When President Obama spoke from the White House last week on the controversy surrounding the Department of Veterans Affairs, he didn’t propose specific solutions so much as he outlined a fact-finding process. Step One: waiting for the VA’s inspector general to report on how, whether, and to what extent various facilities – not just the Phoenix hospital – may have cooked the books.
That report was released this afternoon.
Thousands of veterans have been negatively affected by long appointment wait times for medical care and convoluted scheduling practices at Phoenix’s VA hospital, a report released Wednesday by the Department of Veteran Affairs’ Office of the Inspector General found.The review “confirmed that inappropriate scheduling practices are systemic throughout VHA,” according to the report.The investigation looked into how an apparent “secret” waiting list of veterans waiting for appointments was created and maintained. The retired VA doctor who reported misconduct at the Phoenix hospital alleged that some 40 veterans died while waiting for appointments.

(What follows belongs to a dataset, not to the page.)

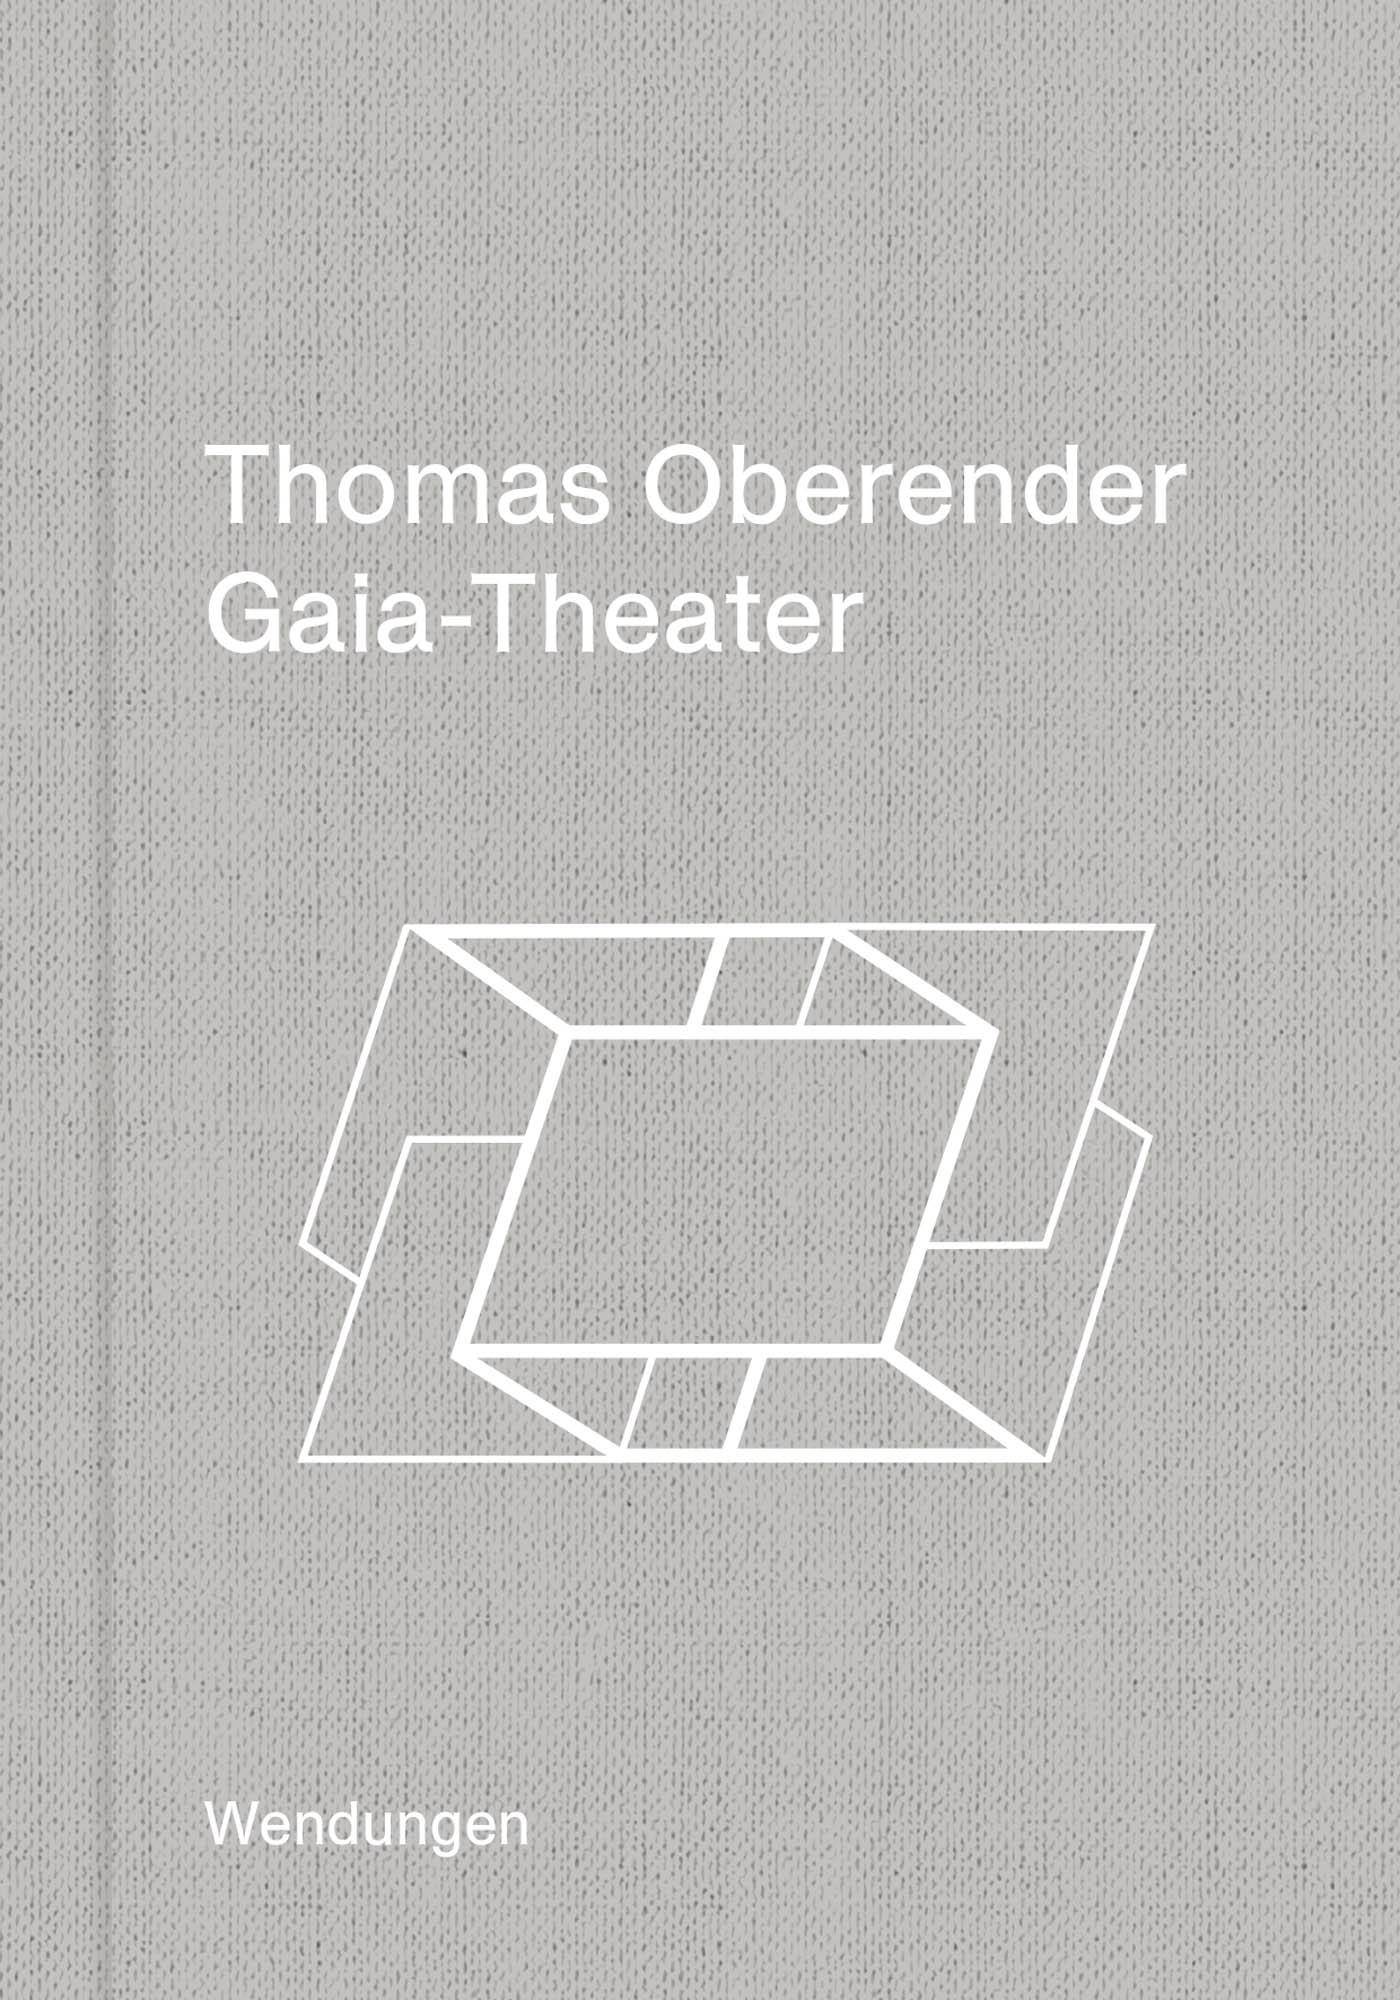 "Gaia-Theater"

The entirety of the 35-page report is online here (pdf).
Some of the specific numbers, all of which were striking, brought the scope of the controversy into sharper focus: “[A]t least 1,700 veterans at the agency’s medical center in Phoenix were not registered on the proper waiting list to see doctors, creating a serious condition that means veterans ‘continue to be at risk of being forgotten or lost’ in the convoluted scheduling process.”
Investigators also found that out of a sample of 226 patients, veterans waited “an average of 115 days for their first primary care appointment at the medical center.”
The reported number after the manipulation of the data? Only 24 days.
The revelations led a handful of members of Congress, including Sen. John McCain (R-Ariz.), to call for VA Secretary Eric Shinseki to resign, though it’s not altogether clear why the inspector general’s report pushed them to make this announcement. The public now has more details than it did this morning, but the basic controversy remains the same, and the challenges facing Shinseki and his team haven’t changed.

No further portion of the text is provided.